I'm sitting in a Youth Hostel in Melbourne, Australia where I'm staying for a couple of weeks while visiting the Melbourne International Comedy festival. I've just had breakfast and am sitting near the kitchen area chilling out before heading out for a day on the town. While I'm not one to eavesdrop, I can't help but overhear snippets of the Skype conversation of the woman sitting next to me.
And what I hear is: drama.
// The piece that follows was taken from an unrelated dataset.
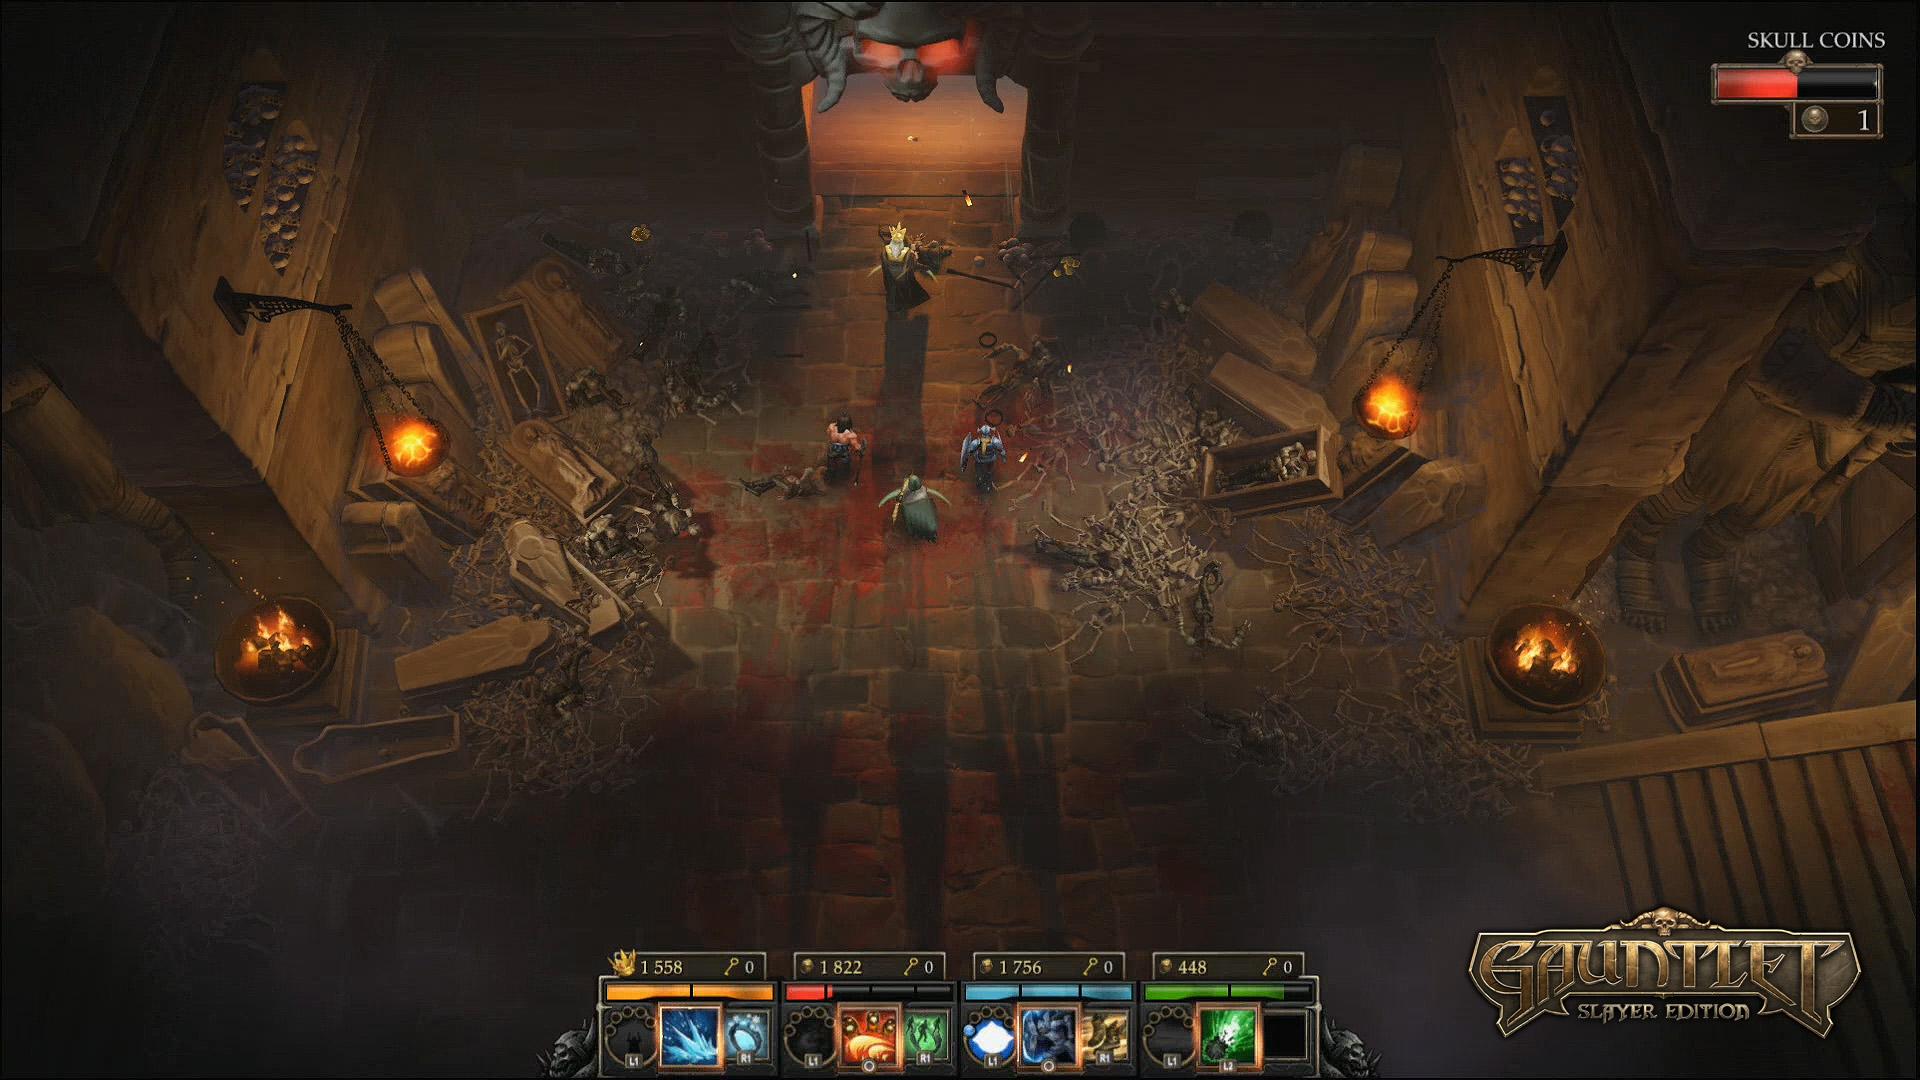 Gauntlet Slayer Edition gameplay 4

Drama, drama, drama. "She did this", "he did that", "she said this", "she said that", "She thinks I'm a bad influence", "they don't like me", "she hated it", "it sucked", "it was awful"...
Ok, you get the idea.
If there was heaps of space, I'd simply move and get away from the negative energy; but it's pretty crowded this morning, and the conversation reminded me how easy it is to get addicted to our own drama, and the dramas in other people's lives around us.
Now it would be a different story if the woman was debriefing about her emotions regarding the drama she's describing, but I'm not hearing many words from our emotional vocabulary like "sad", "angry", "scared", "happy"; nor phrases like "I felt ...", "I feel..." etc. This isn't entirely surprising in a society where most people have never been taught how their emotions work.
Expressing emotions while telling a story releases the emotional charge around what has happened (or is happening), liberating us from any pain we've experienced and allowing us to move on from the drama.
On the other hand, blaming, judging, externalising, projecting and making unpleasant experiences wrong just sets us up in an addictive cycle of drama. I don't like being around people who are stuck in drama, so I'm gonna go now. I need to get out of here for my own sanity!